OpenBioLLM-8B is an advanced open source language model developed by Saama AI Labs and designed specifically for the biomedical field. The model is fine-tuned on large amounts of high-quality biomedical data to understand and generate text with domain-specific accuracy and fluency. It outperforms other similarly sized open source biomedical language models on biomedical benchmarks and also demonstrates better results compared to larger proprietary and open source models such as GPT-3.5 and Meditron-70B.
OpenBioLLM-70B is an advanced open source language model developed by Saama AI Labs and designed specifically for the biomedical field. The model is fine-tuned on large amounts of high-quality biomedical data to understand and generate text with domain-specific accuracy and fluency. It demonstrates superior performance over other similarly sized open source biomedical language models on biomedical benchmarks, and also demonstrates better results in comparisons with larger proprietary and open source models such as GPT-4, Gemini, Medtron-70B, Med-PaLM-1, and Med-PaLM-2.
LocalAI is a self-hosted, open source OpenAI alternative that runs on consumer-grade hardware and supports local or on-premises deployment of text, audio, and image generation. It provides text generation functions for models such as GPT, and supports multiple functions such as text-to-speech and image generation.
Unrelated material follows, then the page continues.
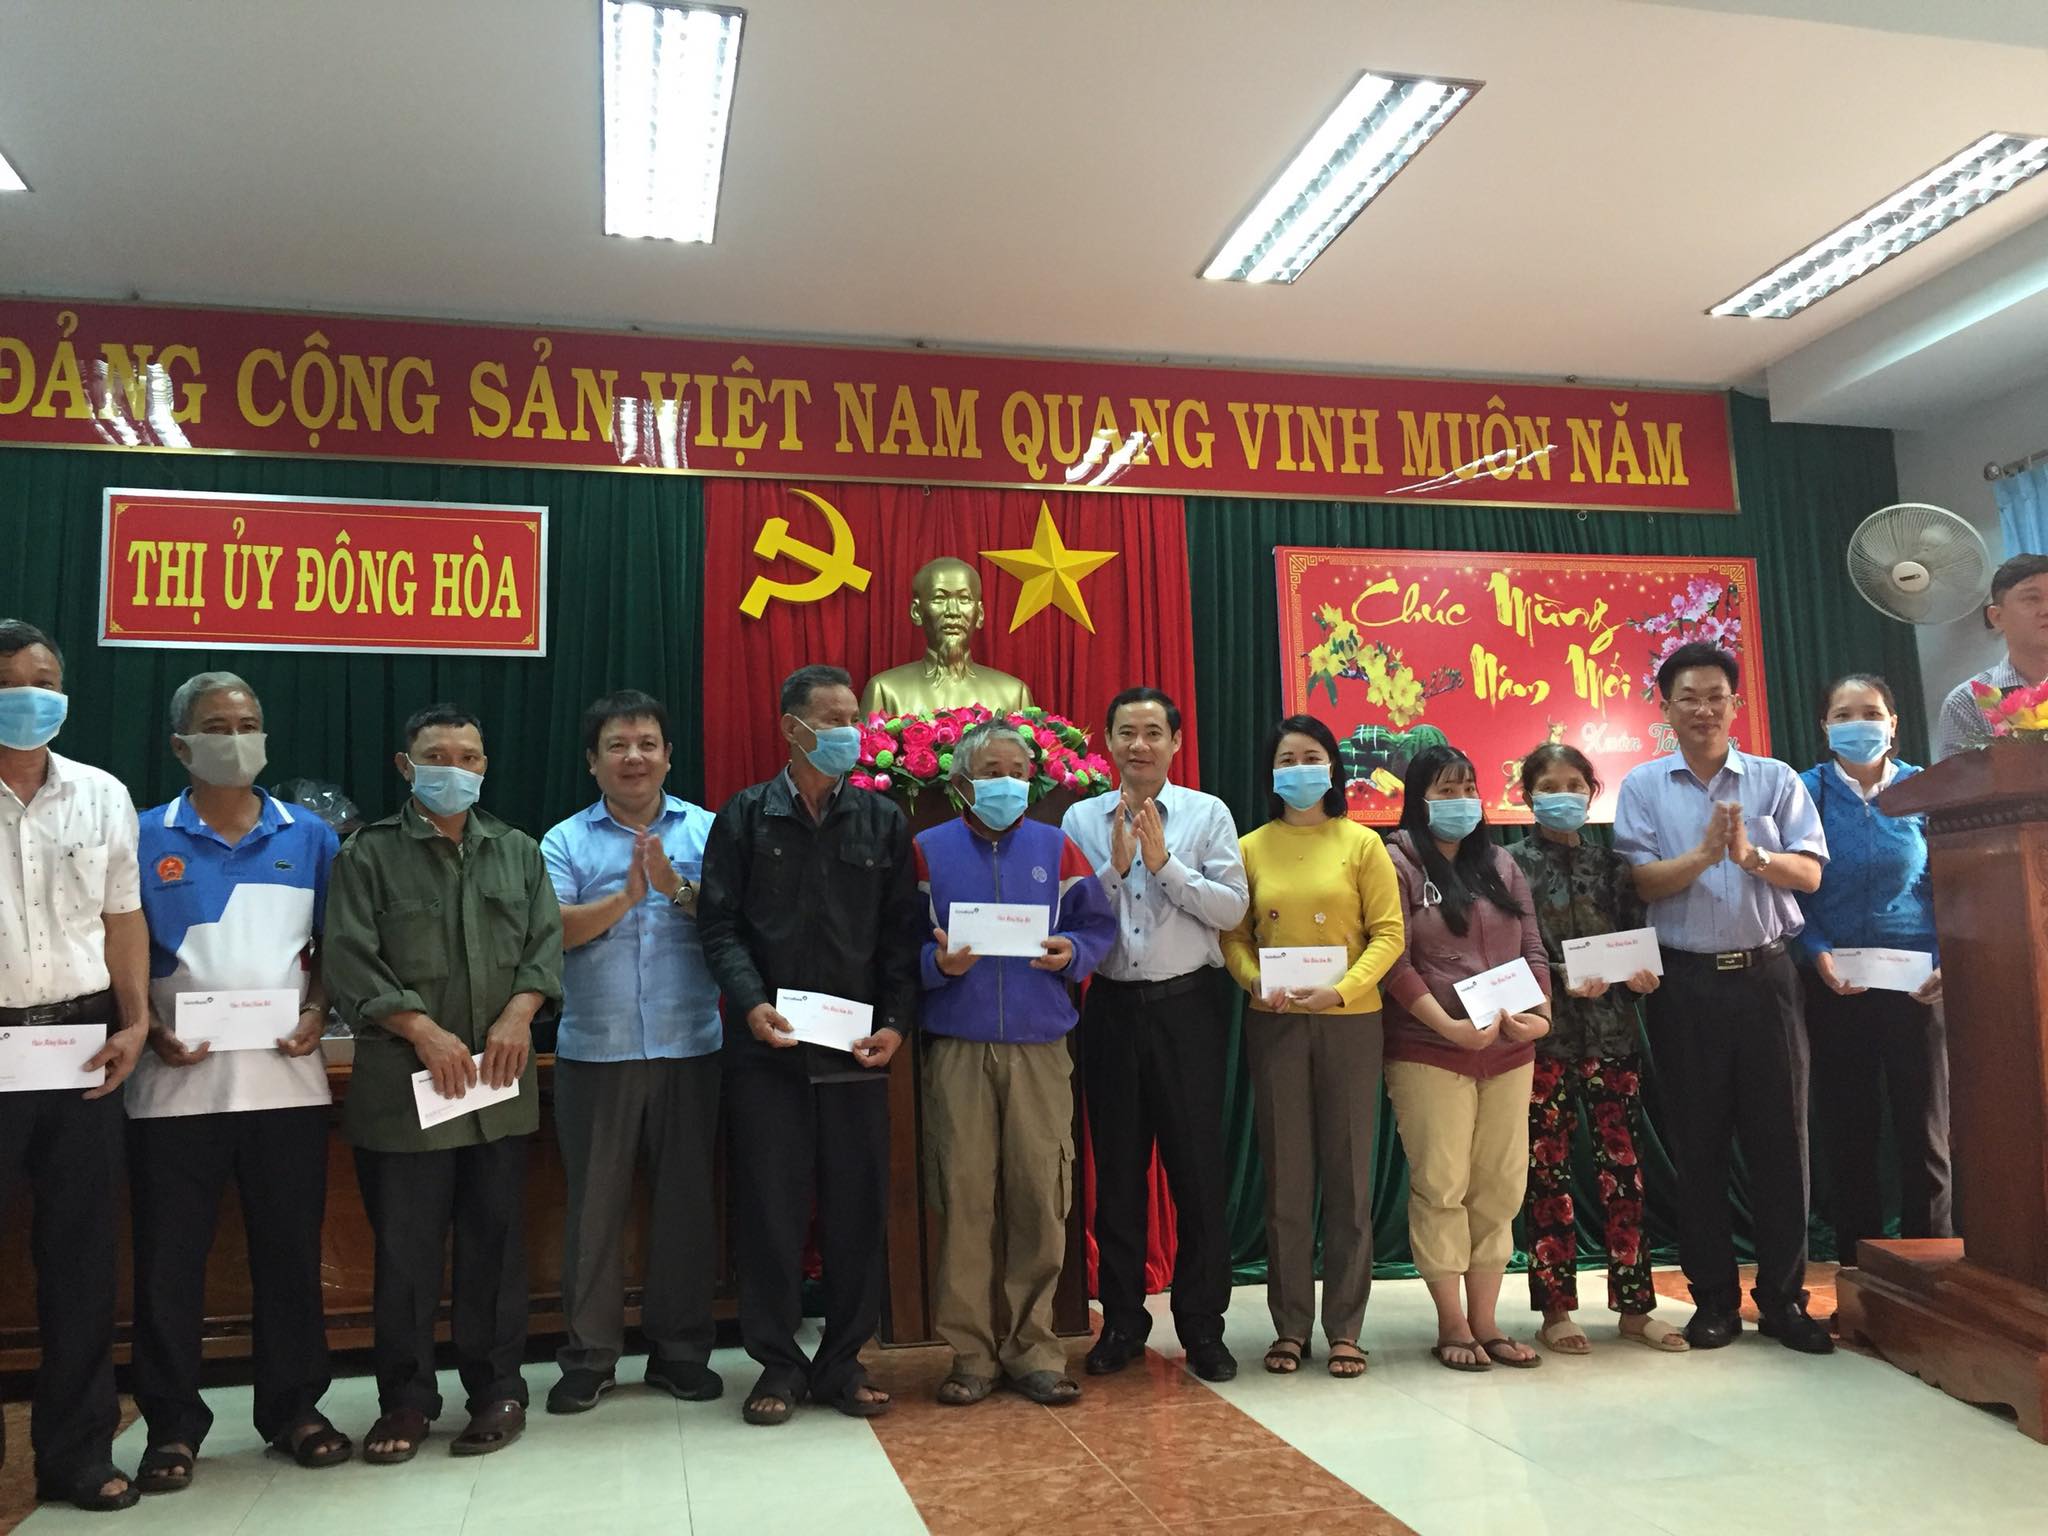 Đồng chí Nguyễn Thái Học, Phó trưởng Ban Nội chính Trung ương tặng quà cho các gia đình có hoàn cảnh khó khăn tại Thị ủy Đông Hòa

Due to its open source and self-hosted features, users can customize and deploy it freely without being restricted by cloud APIs, making it suitable for users who have requirements for data privacy and security. LocalAI is positioned to provide powerful AI generation capabilities for individual users or organizations seeking autonomous control without relying on third-party services.
Supports converting calls from openai, claude, azure openai, gemini, kimi, Zhipu AI, Tongyi Qianwen, iFlytek Spark API and other model service providers into openai calls. Shield the differences between different large model APIs, and use the openai api standard format to use large models uniformly. Provides support for a variety of large models, including load balancing, routing, configuration management and other functions.
MaxKB is a knowledge base question and answer system based on the LLM large language model, aiming to become the most powerful brain of the enterprise. It supports document uploading, automatically crawls online documents, and has a good interactive experience in intelligent question and answer. Supports rapid embedding into third-party business systems. The technology stack includes Vue.js, Python/Django, Langchain, PostgreSQL/pgvector.
Casibase is an open source AI knowledge base management system that supports multiple language models and embedded models, provides Retrieval-Augmented Generation functions, and is suitable for enterprise and individual users. It has a simple and easy-to-use user interface, supports enterprise single sign-on, and provides rich functions and customization options.
MNBVC (Massive Never-ending BT Vast Chinese corpus) is a project aimed at providing rich Chinese corpus for AI. It includes not only mainstream cultural content, but also niche culture and Internet slang. The data set includes news, compositions, novels, books, magazines, papers, lines, posts, wikis, ancient poems, lyrics, product introductions, jokes, embarrassments, chat records and other forms of plain text Chinese data.
MeloTTS is a multilingual text-to-speech library developed by MyShell.ai, supporting English, Spanish, French, Chinese, Japanese and Korean. It can achieve real-time CPU inference, is suitable for a variety of scenarios, and is open to the open source community, and contributions are welcome.